Элизабет протянула руку за медальоном, который магическим образом притягивал ее. Она хотела дотронуться до него и прижать его к груди. Эльза неохотно позволила его надеть. Как приятно было прикасаться к этому произведению искусства из золота и драгоценных камней! Элизабет осторожно, будто птенца, взяла его в руки.
— Я буду внимательно следить за твоим сокровищем, обещаю. Медальон так дорог моему сердцу, что одна мысль о том, что я могу его больше никогда не увидеть, огорчает меня.
К ее удивлению, услышав эти слова, Эльза рассердилась еще больше.
— Что за глупая болтовня! — выругалась она и так туго затянула тесемки на платье Элизабет, что девушка едва могла дышать. Воспользовавшись тем, что Эльза отвернулась, чтобы взять плащ, Элизабет быстро повесила украшение себе на шею, пока мадам не начала убеждать ее, что лучше оставить медальон в сундуке. Надев неприметную темную накидку, Элизабет последовала за секретарем в дом настоятеля. Мужчина не обмолвился с ней ни словом, время от времени поглядывая на нее с неодобрением. Проведя ее в ту же комнату, что и в прошлый раз, секретарь оставил ее одну.

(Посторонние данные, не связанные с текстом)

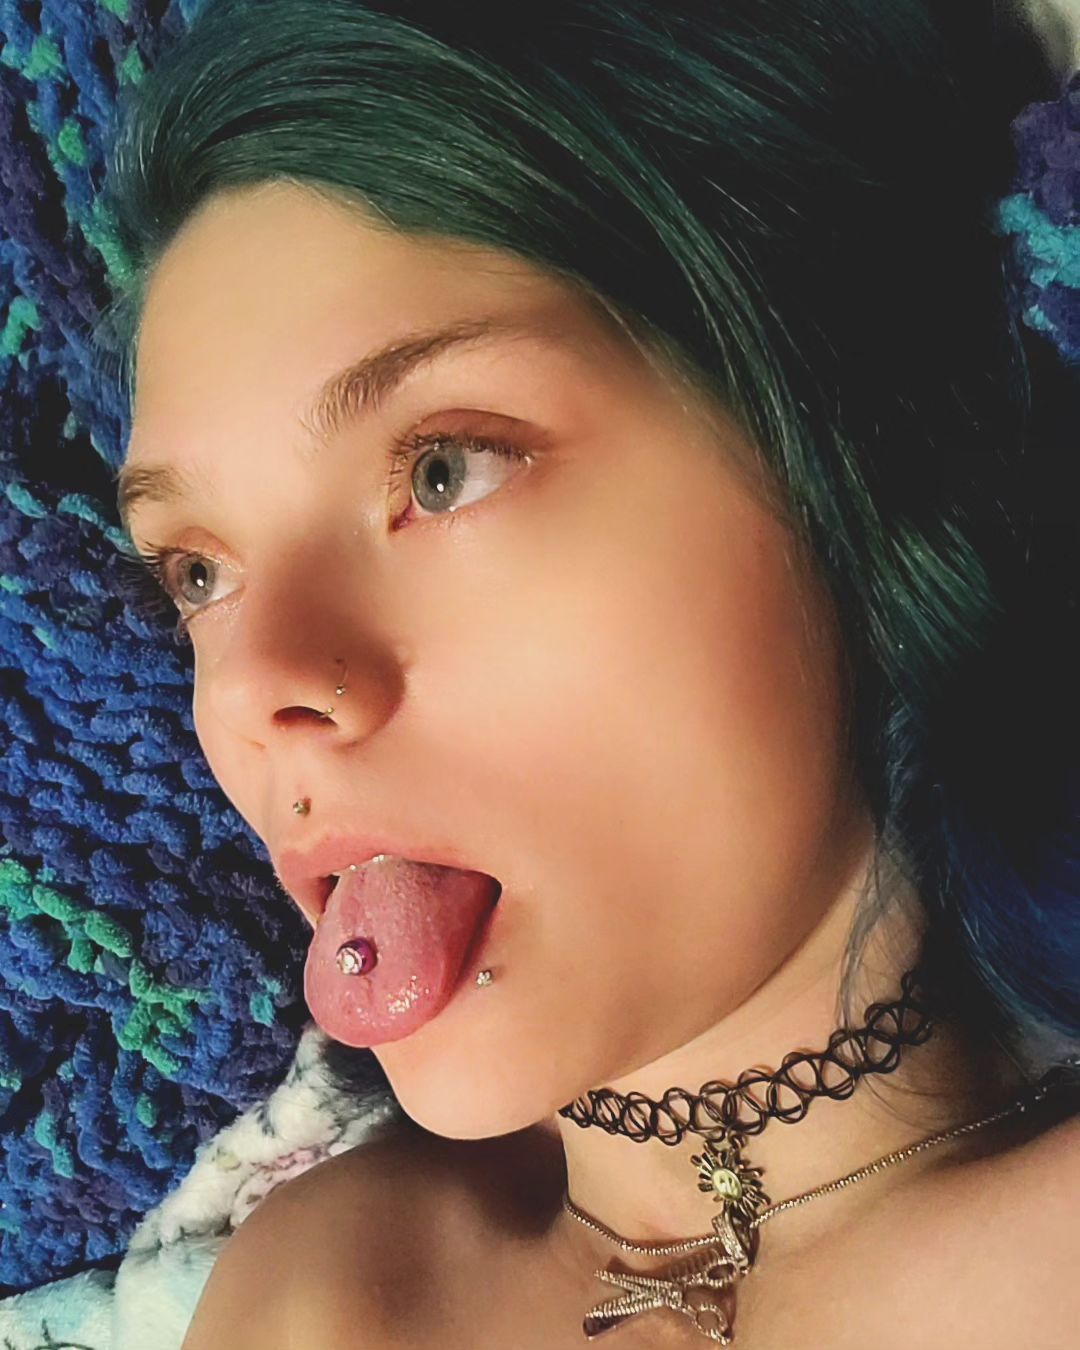 I match the blanket my mom knitted me 🥹💙💚💜

Второй визит очень походил на первый. Элизабет снова коротала время за чтением в роскошных покоях. Ее услуги заказал престарелый папский легат, который хотел, чтобы после всего она осталась спать в его кровати. Зачем он приехал в Вюрцбург и о чем говорил с представителями капитула, Элизабет узнать не удалось. Она была с ним приветлива и выполняла его скромные желания, как и в их первую встречу. Но в этот раз она сразу настояла на выдаче ей причитающейся суммы, чтобы на следующее утро не искать своего заказчика.

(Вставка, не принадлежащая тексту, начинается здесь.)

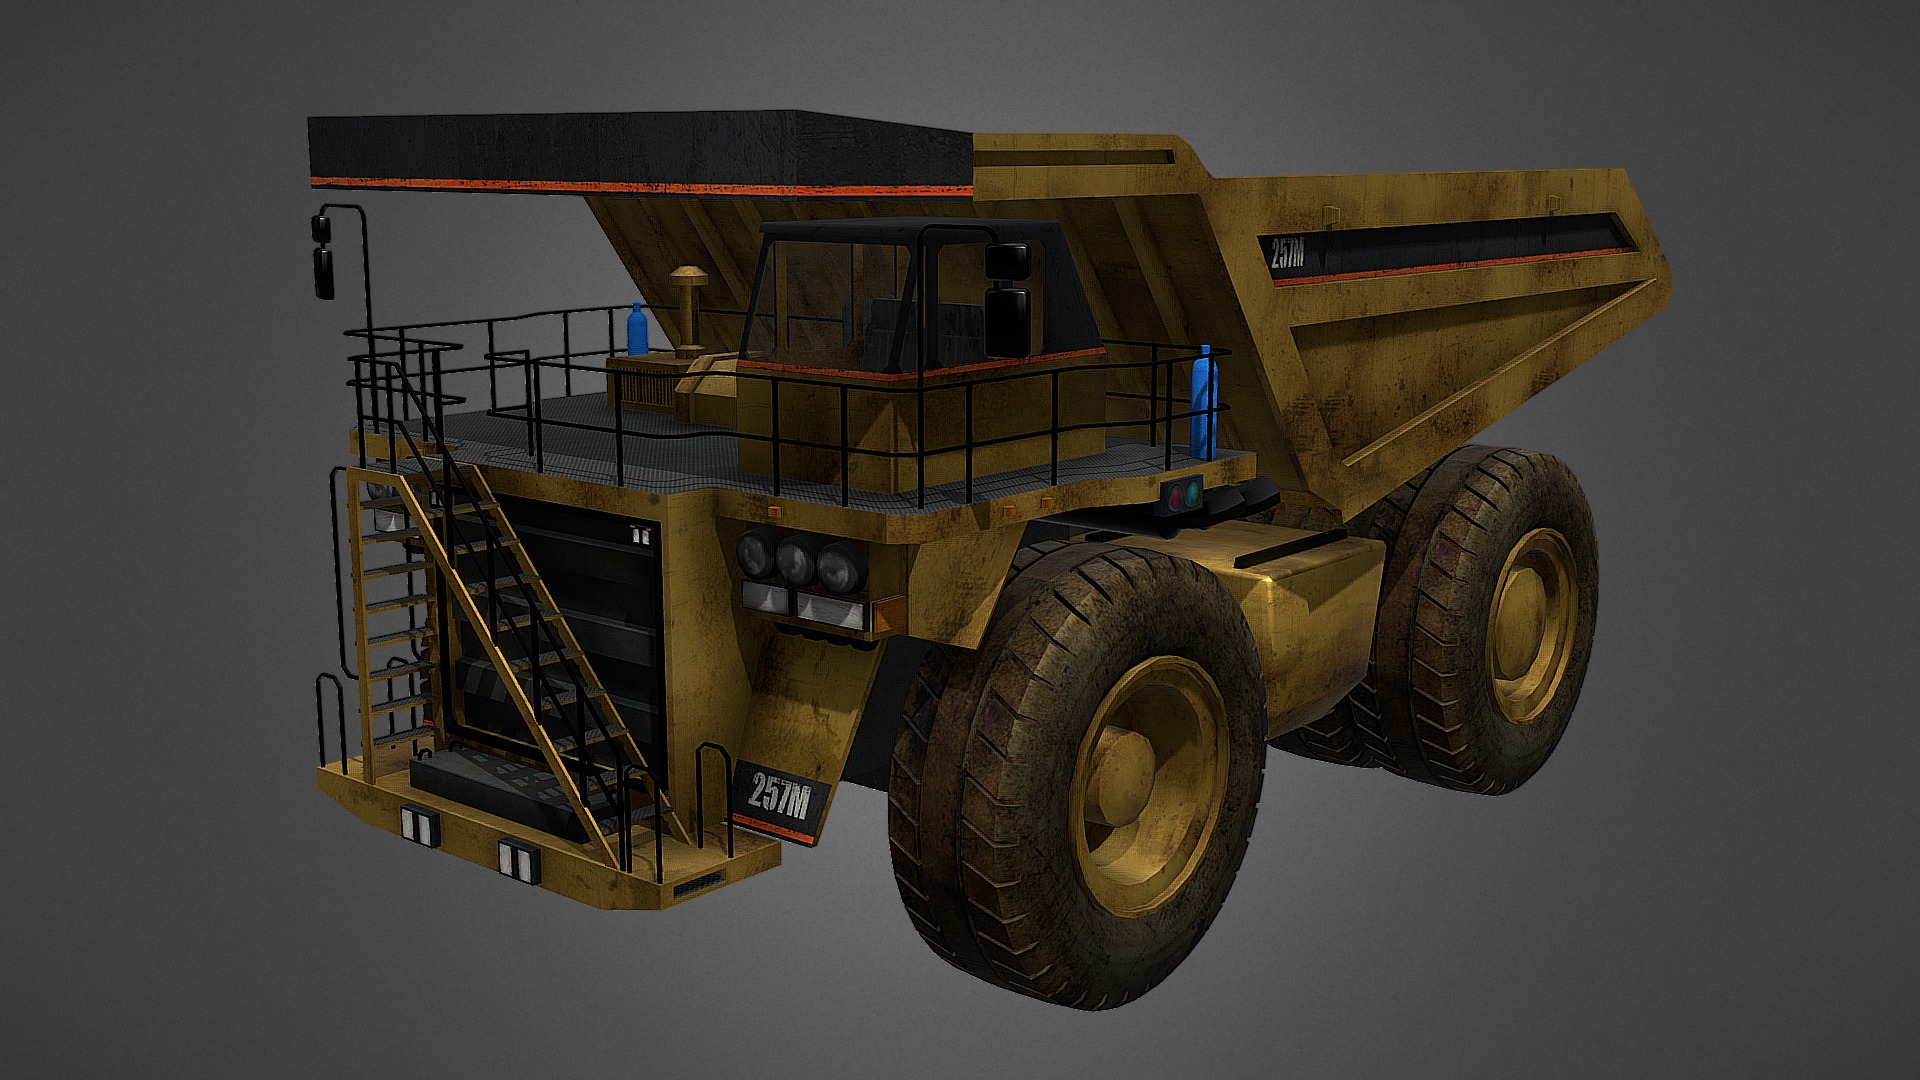 3D model Dumper - This is a 3D model of the Dumper. The 3D model is about a toy tractor on a white background.

— Господину настоятелю не понравится, если я пойду к нему в собор, чтобы потребовать оплату за мои ночные услуги! — сказала она секретарю, когда они поднимались по лестнице, и вызывающе посмотрела на него.

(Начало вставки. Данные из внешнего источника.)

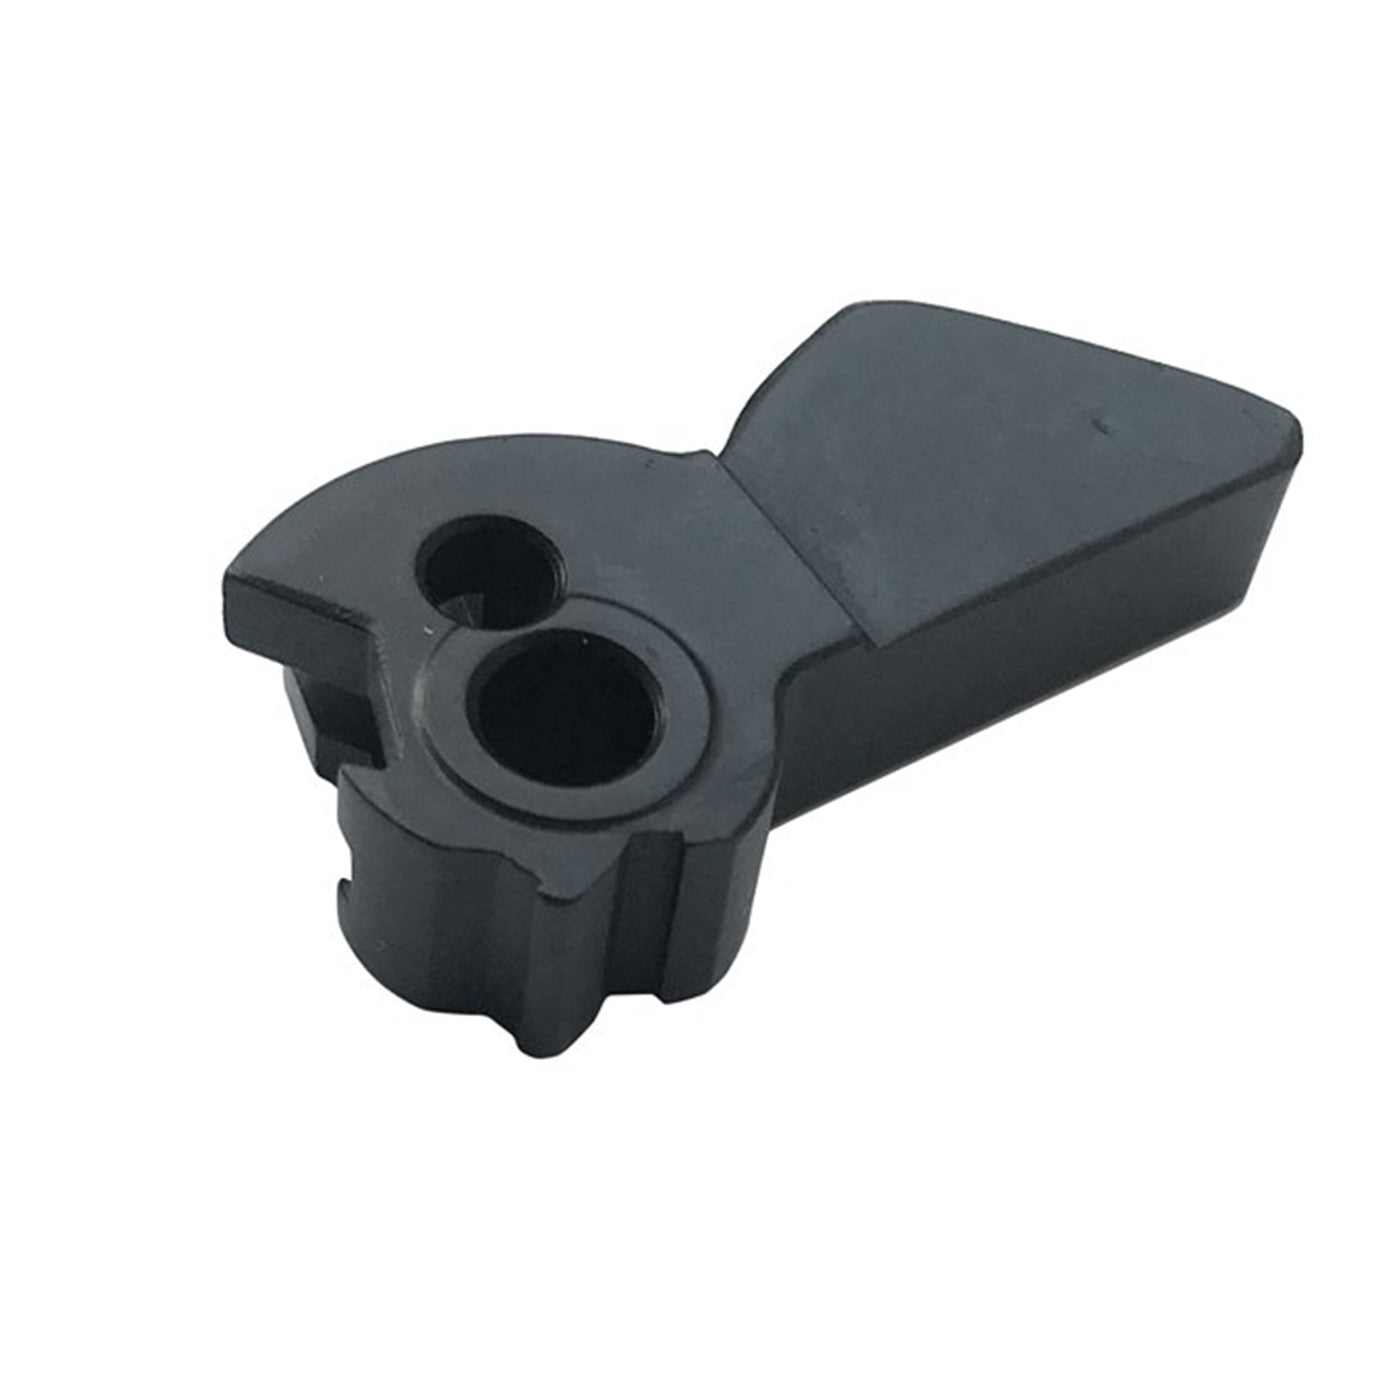 PX4 Low Profile Hammer

— Не стоит наглеть, — возмущенно ответил он. — Это был бы скандал и вызов обществу!
Элизабет не стала с ним спорить о том, кто в этой ситуации допускает более серьезное нарушение правил — настоятель и легат, велевшие привести им шлюху, или требующая оплату шлюха. Тем не менее секретарь отсчитал ей монеты, прежде чем выйти из комнаты, и еще раз предупредил ее об ужасных последствиях, если она осмелится не выполнить свои обязательства или неуважительно отнесется к гостю.
Рано утром Элизабет собралась домой. Солнце еще не встало, и в городе было безлюдно. Элизабет наслаждалась свежим утренним воздухом, таким прозрачным и чистым, и сама себе казалась грязной, хотя почти каждый день мылась, что вызывало непонимание или насмешки шлюх. Элизабет так и не приняла окончательно свою новую жизнь. По крайней мере, она вела себя не так, как другие девушки мадам.
Когда Элизабет пришла в бордель, девушки еще спали. Она услышала знакомые шорохи, и в нос ударил запах старого дома, вперемешку с запахом вина, пота, душистой воды и выделений человеческого организма, — это был запах, который по утрам назойливо висел в воздухе. Только за день с распахнутой дверью он немного выветрился.
Элизабет разделась и легла рядом с Жанель на их общую кровать. Крепко сжав в руке золотой медальон, она заснула.